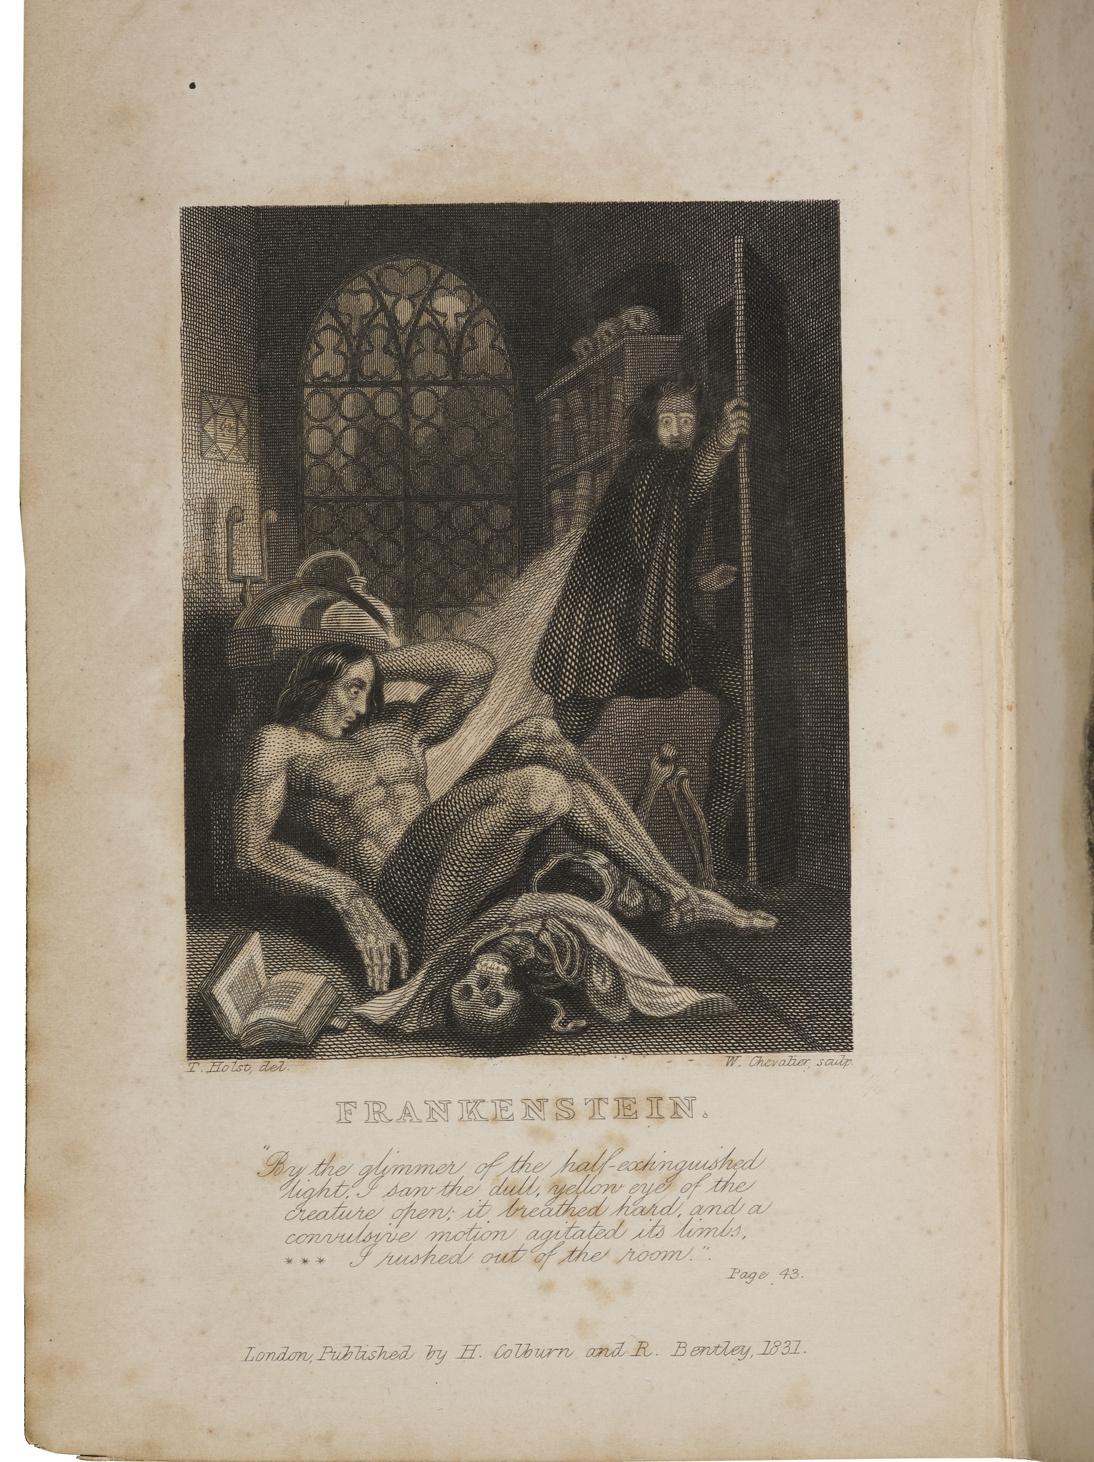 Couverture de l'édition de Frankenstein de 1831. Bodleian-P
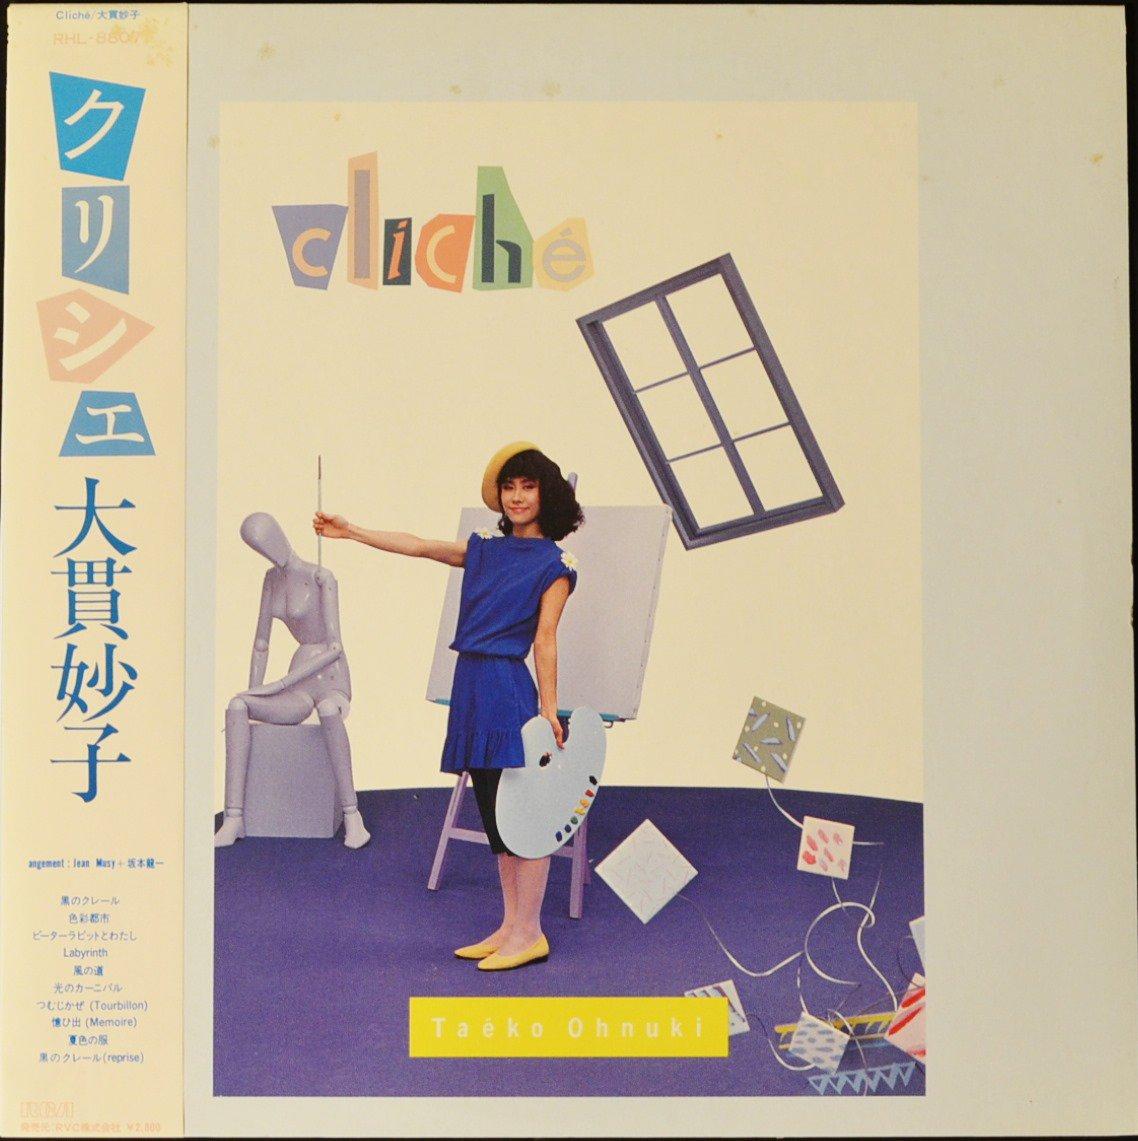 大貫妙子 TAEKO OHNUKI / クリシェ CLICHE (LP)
* * *
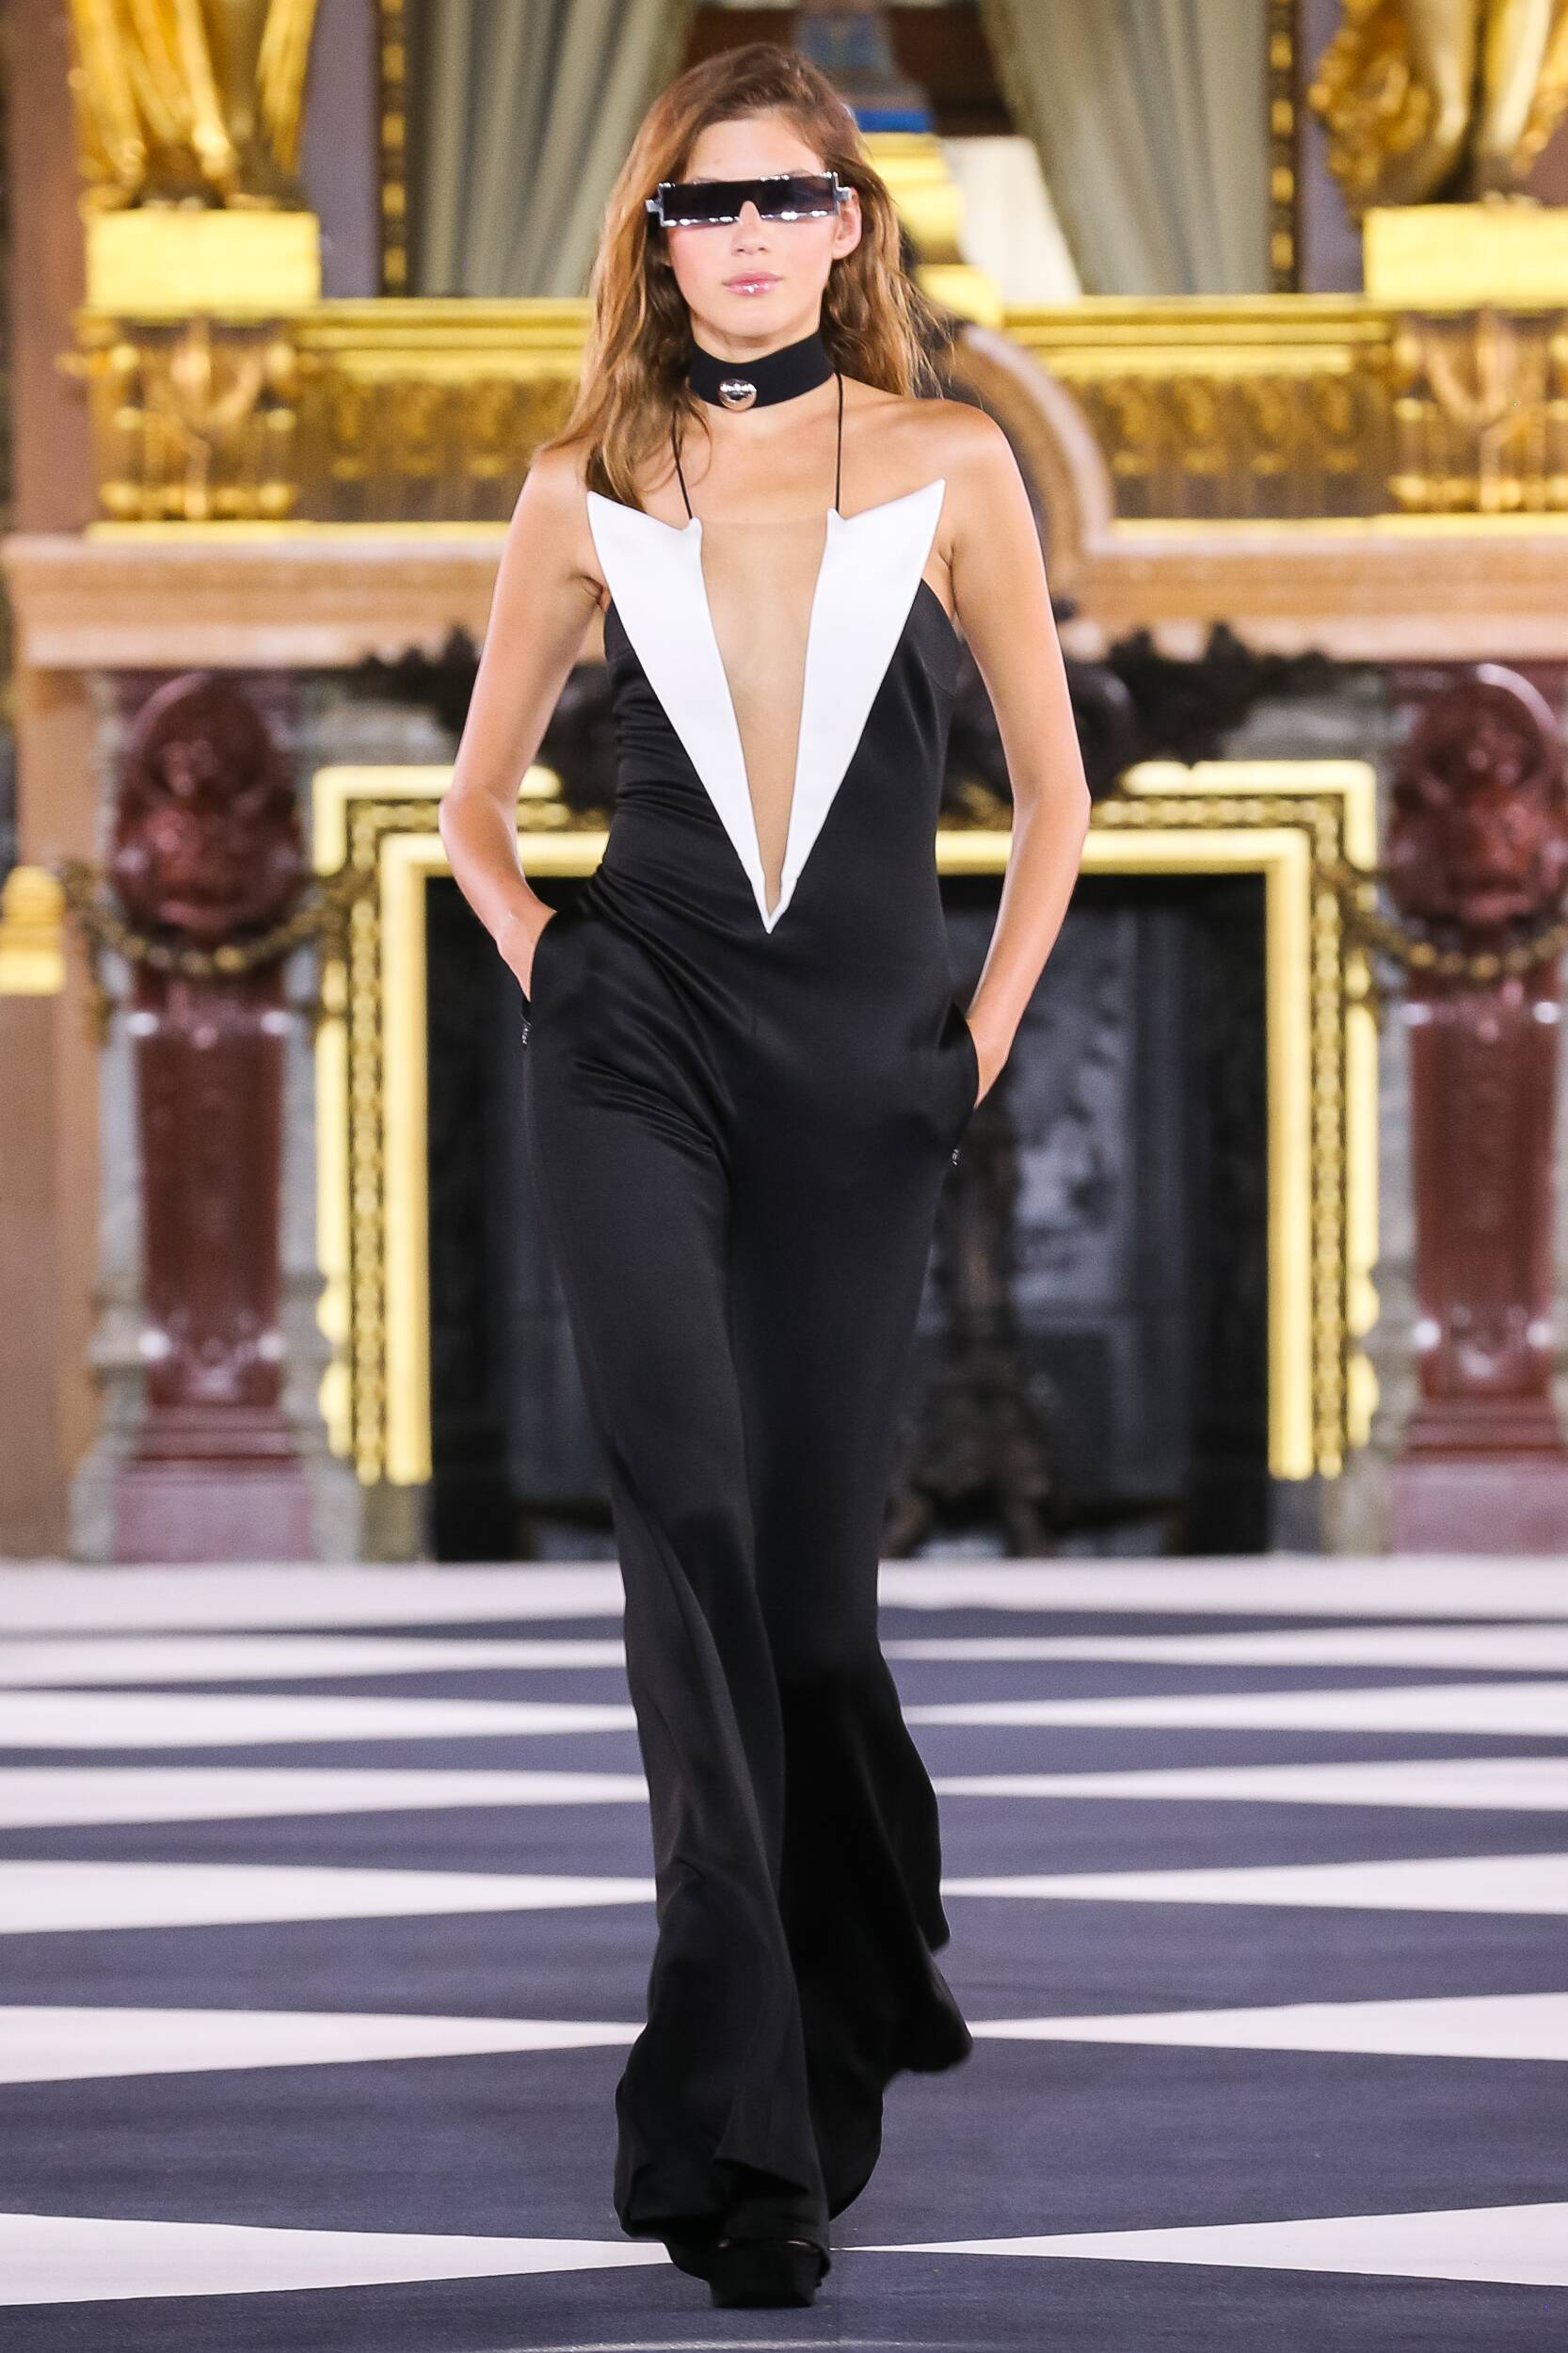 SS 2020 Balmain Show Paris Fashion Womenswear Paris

▶ THE PROBLEM:
An exact copy is needed. It runs from the line above containing "Couverture de l'édition" down to the line containing "大貫妙子 TAEKO OHNUKI / クリシェ CLICHE (LP)", both included, with no pictures.

▶ THE ANSWER:
 Couverture de l'édition de Frankenstein de 1831. Bodleian-P
 大貫妙子 TAEKO OHNUKI / クリシェ CLICHE (LP)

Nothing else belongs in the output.